[DATA PROVIDED — start]
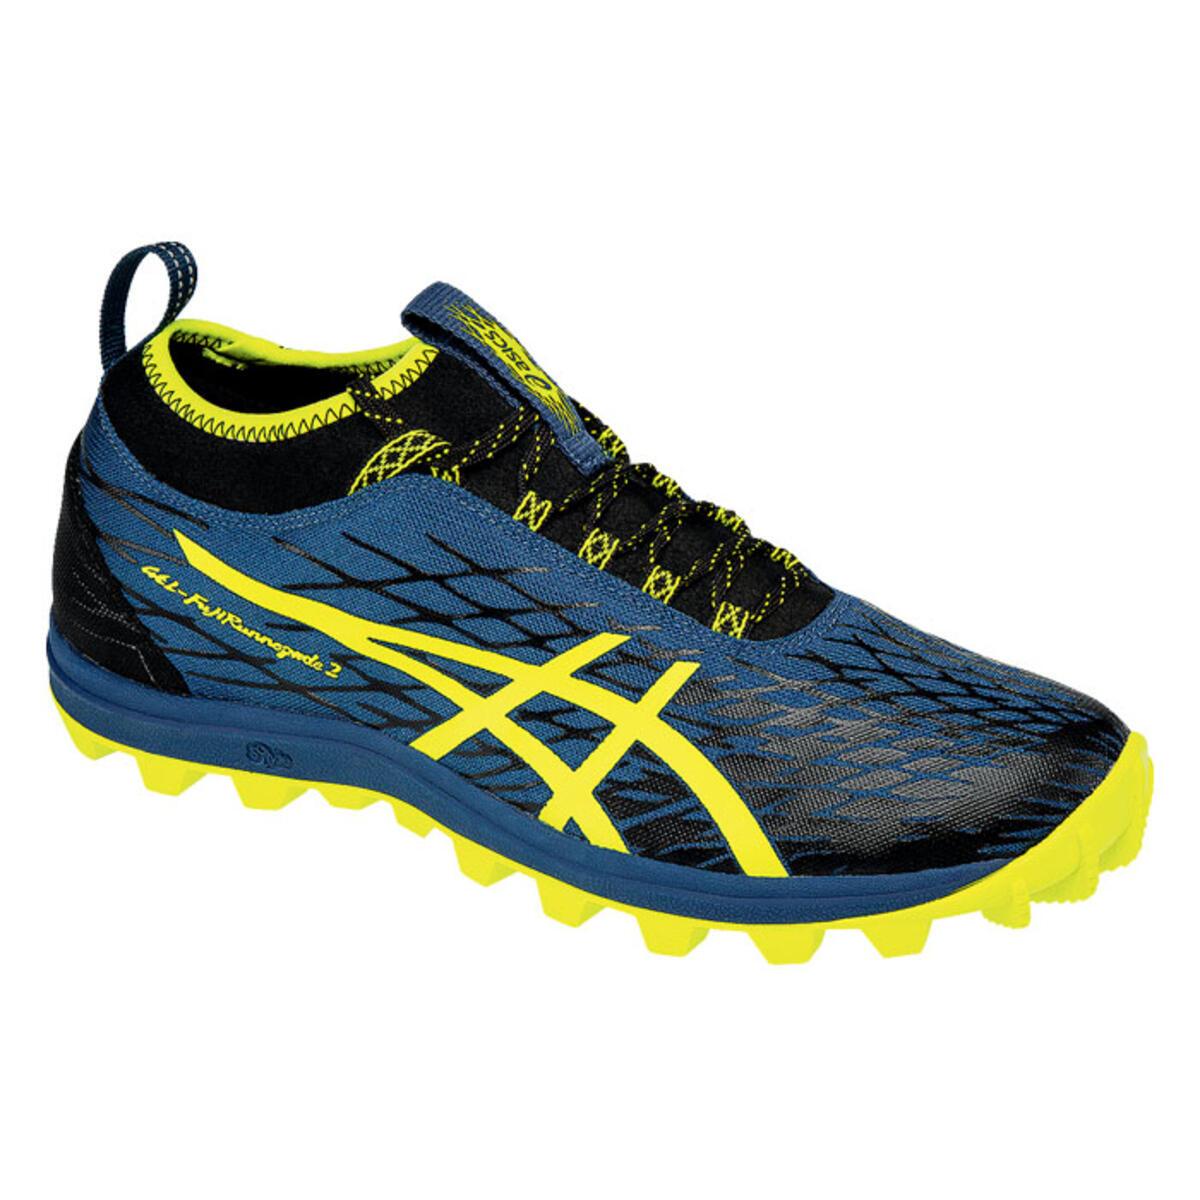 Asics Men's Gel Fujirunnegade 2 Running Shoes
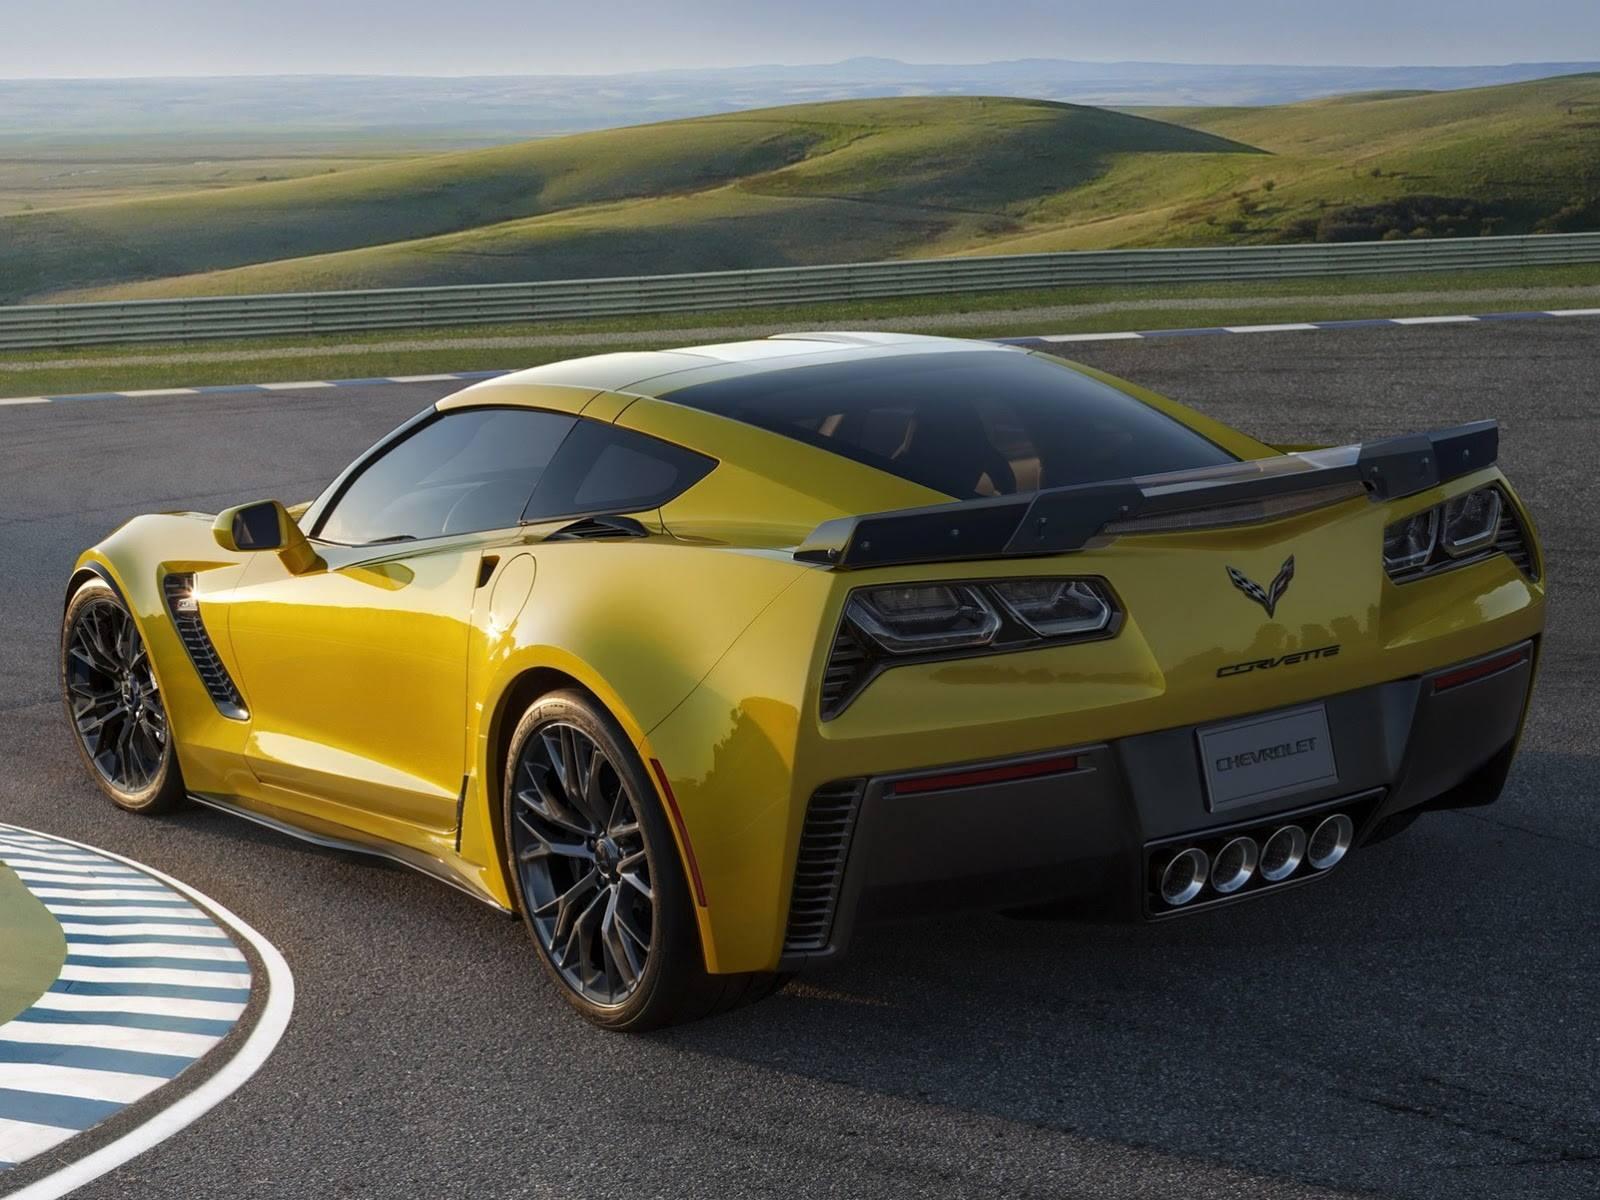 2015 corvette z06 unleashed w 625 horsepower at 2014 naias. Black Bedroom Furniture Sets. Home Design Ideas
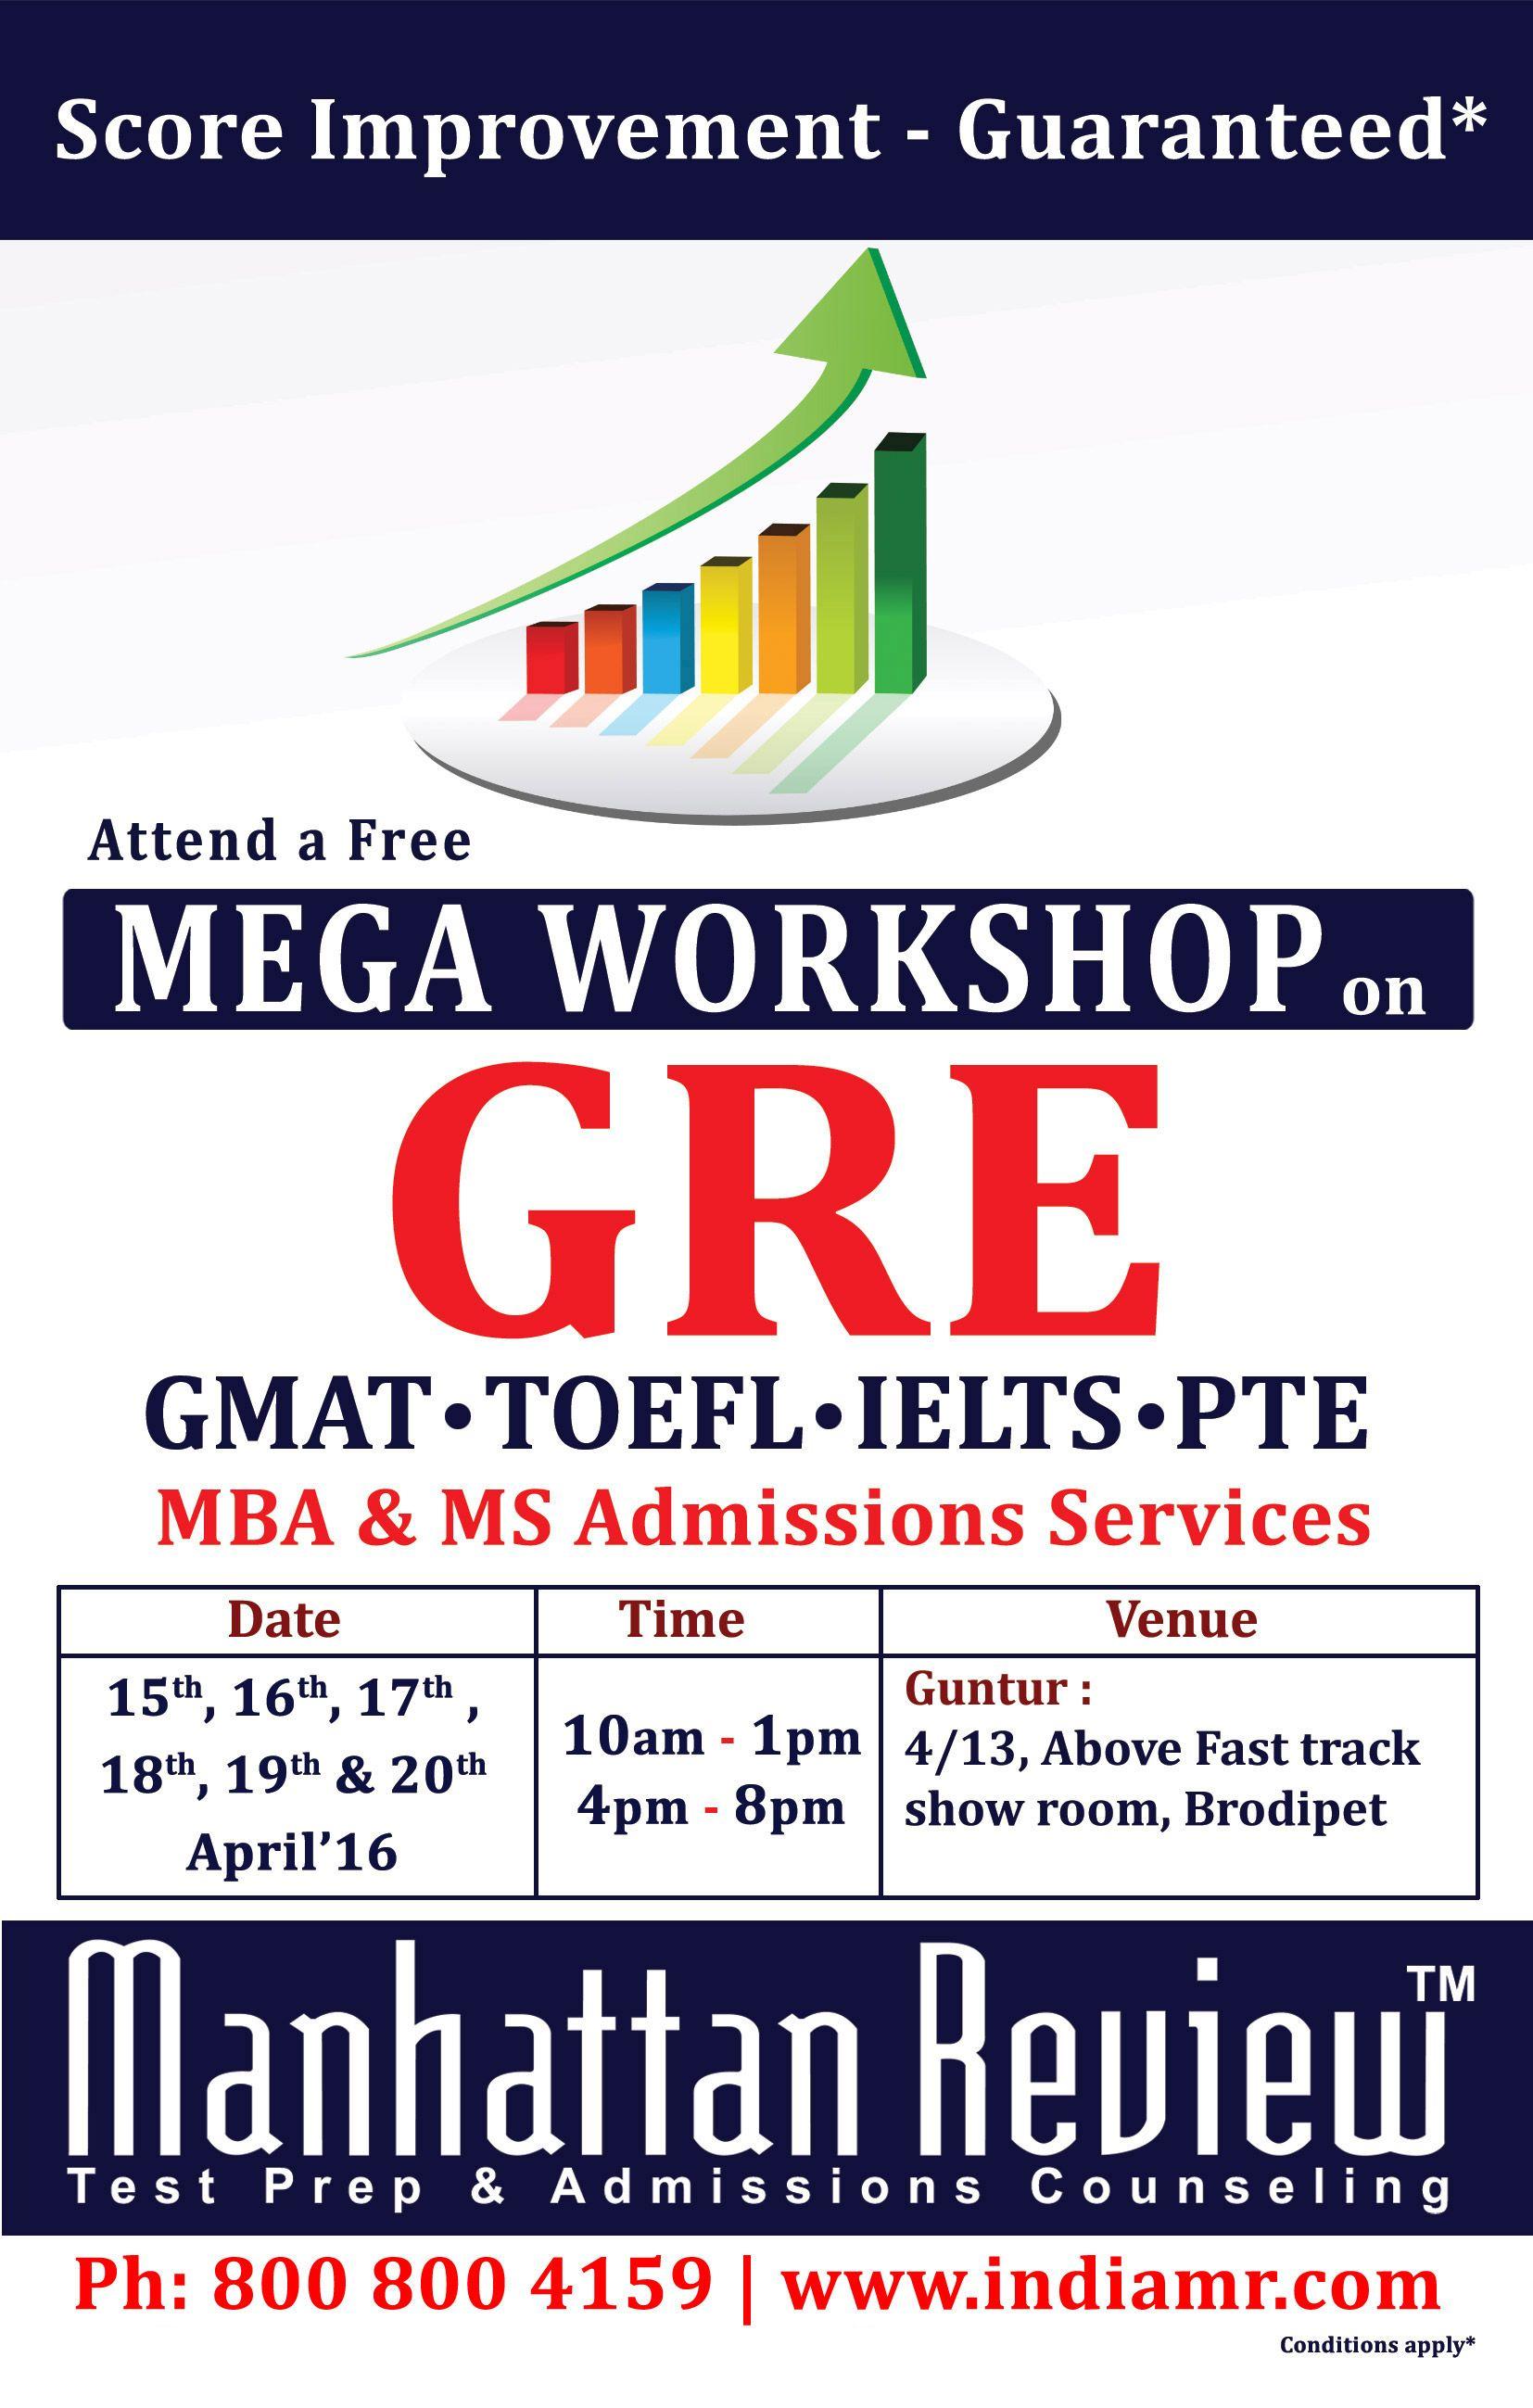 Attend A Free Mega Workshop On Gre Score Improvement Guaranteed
[DATA PROVIDED — finish]
* _YOUR GOAL_
An exact reproduction of the material above is needed, without its pictures.

* _OUTPUT BELOW_
 Asics Men's Gel Fujirunnegade 2 Running Shoes
 2015 corvette z06 unleashed w 625 horsepower at 2014 naias. Black Bedroom Furniture Sets. Home Design Ideas
 Attend A Free Mega Workshop On Gre Score Improvement Guaranteed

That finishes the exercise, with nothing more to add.